Questions: Reduction Techniques for Proving Undecidability
5 questions to test your understanding
Score: 0 / 5
Question 1 Multiple Choice
You want to prove that L = {⟨M⟩ : M accepts at least one string} is undecidable. You build a computable function f where f(⟨M, w⟩) = ⟨M'⟩, and M' is defined to accept all strings if M accepts w, and accept nothing otherwise. What does this prove?
AIt reduces L to the halting problem, proving the halting problem is undecidable relative to L
BIt reduces the halting problem to L (H_TM ≤_m L), proving L is undecidable
CIt reduces L to itself, which is circular and proves nothing
DIt proves L is decidable by showing it can simulate the halting problem
The function f maps halting-problem instances ⟨M, w⟩ to L-instances ⟨M'⟩, establishing H_TM ≤_m L. The iff holds: if M accepts w (⟨M,w⟩ ∈ H_TM), then M' accepts all strings, so ⟨M'⟩ ∈ L; if M does not accept w, M' accepts nothing, so ⟨M'⟩ ∉ L. Since H_TM is undecidable and H_TM ≤_m L, a decider for L would give a decider for H_TM — contradiction. The reduction arrow always points from the known-hard problem toward the problem you want to prove hard. Option 0 reverses the direction and proves nothing new.

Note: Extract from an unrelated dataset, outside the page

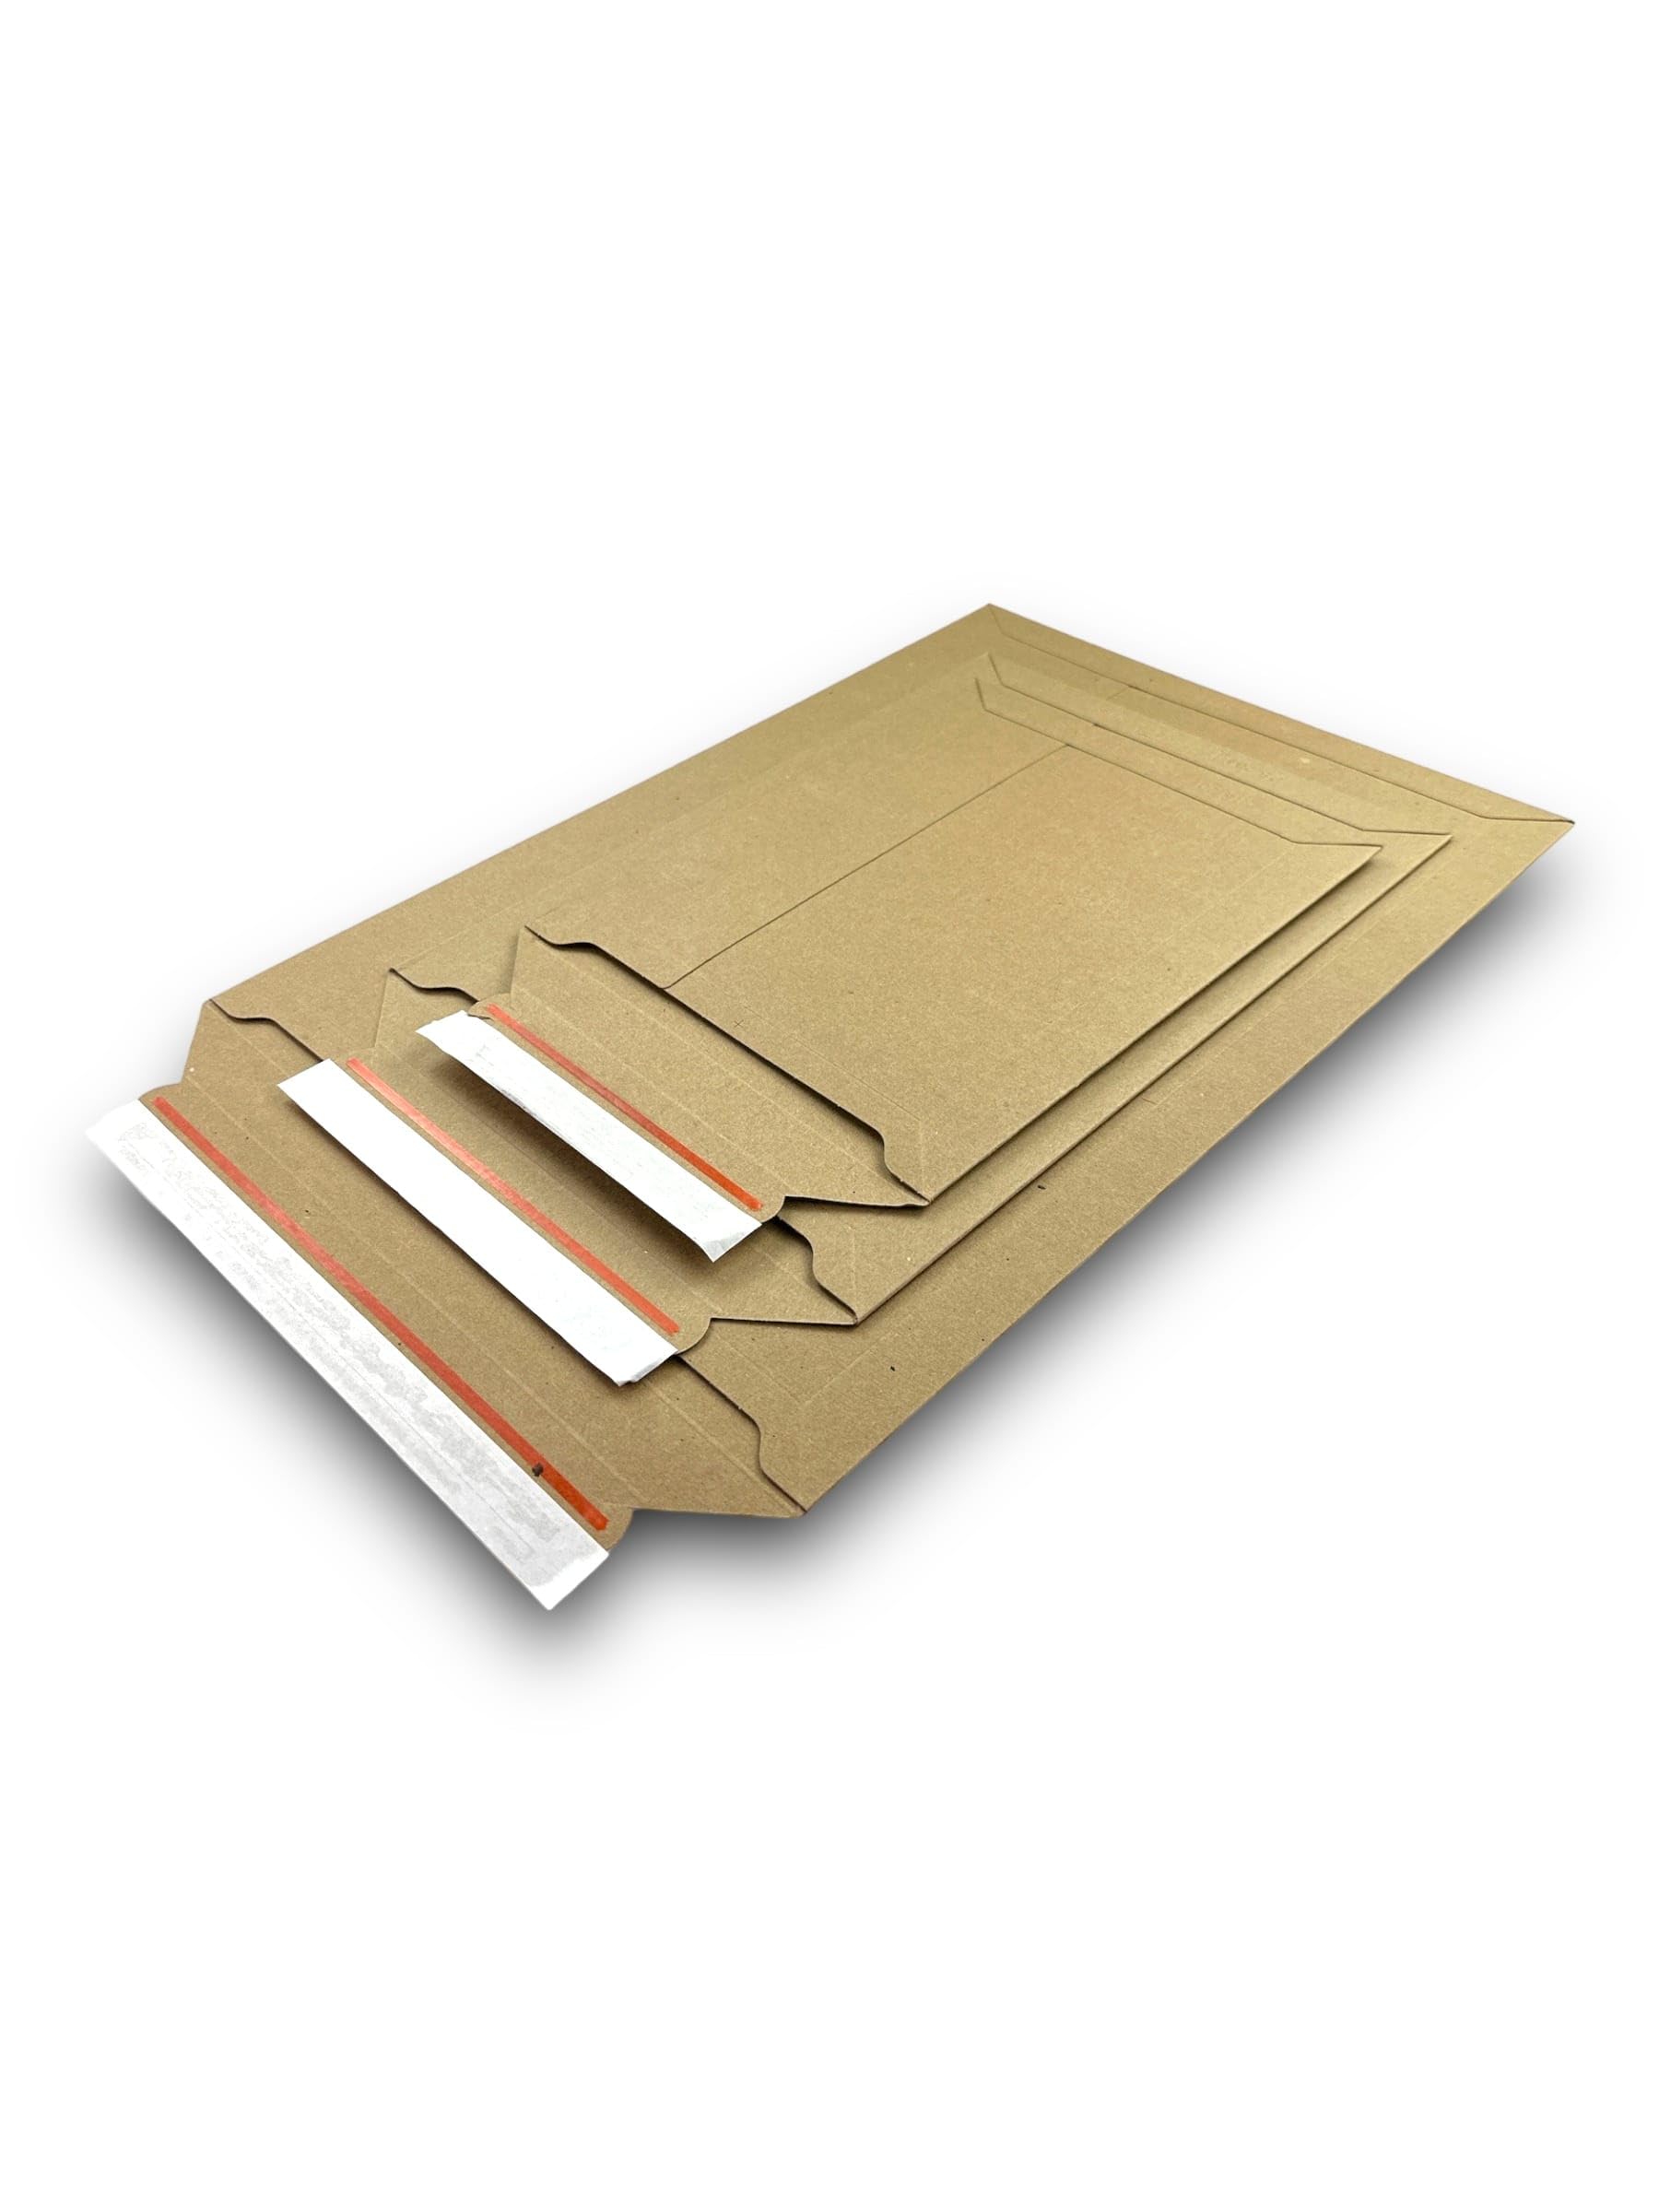 50 Stk. DIN A4 Versandtasche aus Pappe 250 x 353 mm selbstklebend - Papp-Kuverts B4 für Büchersendung, Klamotten, Dokumente, Warensendung, Umschlag Büwa Versandtaschen A4

Question 2 Multiple Choice
When constructing the reduction function f for H_TM ≤_m L, you need to build a new machine M' from the input ⟨M, w⟩. Which of the following correctly describes what f does?

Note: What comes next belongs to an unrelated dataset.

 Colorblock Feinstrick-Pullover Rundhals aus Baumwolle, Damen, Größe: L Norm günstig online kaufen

Af runs M on w, and if M halts, outputs a description of M' that accepts some strings
Bf outputs a description of M' as a string — encoding what M' would do — without executing M on w
Cf calls a subroutine that decides L on the input ⟨M, w⟩ and builds M' based on the result
Df enumerates strings until it finds one that M accepts, then constructs M' to accept that string
The reduction function must be total and computable — it must halt and produce output for every input. Option 0 fails because running M on w may loop forever, making f non-total and breaking the composition argument. Options 2 and 3 either beg the question (using an L-oracle) or are non-halting (enumeration may not terminate). The correct approach is purely mechanical: f examines ⟨M, w⟩ as strings and constructs a description of M' by writing a program that says 'simulate M on w, then behave accordingly.' This description is always a finite string producible in finite time.
Question 3 True / False
In a many-one reduction from A to B, the reduction function f must be both total (halt on every input) and computable (implementable by a Turing machine).
TTrue
FFalse
Answer: True
Both conditions are essential to the composition argument. Totality ensures f(x) always terminates, so the composed procedure 'compute f(x), then run B's decider on f(x)' always terminates. If f were partial (looping on some inputs), the composition might loop even when a B-decider exists, breaking the decidability transfer. Computability ensures f can actually be implemented. A reduction using a non-computable function would be useless as a proof technique — you would need an oracle to compute f in the first place.
Question 4 True / False
To prove that language L is undecidable, the correct strategy is to reduce L to the halting problem — that is, construct a reduction L ≤_m H_TM.
TTrue
FFalse
Answer: False
This gets the direction backwards. Reducing L to H_TM (L ≤_m H_TM) shows only that L is no harder than H_TM — it says that if you could decide H_TM, you could decide L. Since H_TM is already known to be undecidable, this tells you nothing about L's decidability. To prove L undecidable, you reduce the halting problem *to* L (H_TM ≤_m L): show that a decider for L would enable deciding H_TM. The arrow must point FROM the known-undecidable problem TO the new one you want to prove hard.
Question 5 Short Answer
Explain why the reduction function f cannot simply run M on w when constructing the reduced machine M', even though M's behavior on w is what the reduction depends on.
Think about your answer, then reveal below.
Model answer: If f ran M on w, f would loop forever on any input where M does not halt — making f a partial function. A partial f breaks the composition: a hypothetical L-decider calling f(⟨M,w⟩) would loop before reaching the decision step, so the composed 'decider' for H_TM would not actually decide. Instead, f constructs a description of M' as a finite string — writing code that says 'simulate M on w, then behave accordingly' — without executing that code. Constructing a description is always finite and mechanical, even when running the described computation would be infinite.
The key insight is the distinction between *describing* a computation and *running* it. You can always write 'while(true){}' in a moment, even though executing it never terminates. Similarly, f writes the description of M' (a finite string) immediately from ⟨M,w⟩ using string manipulation, never invoking a TM simulator. The M' description encodes contingent behavior ('if M halts on w, do X'), which is representable in finite text. This 'describe but don't run' pattern is the core technique underlying virtually all undecidability proofs.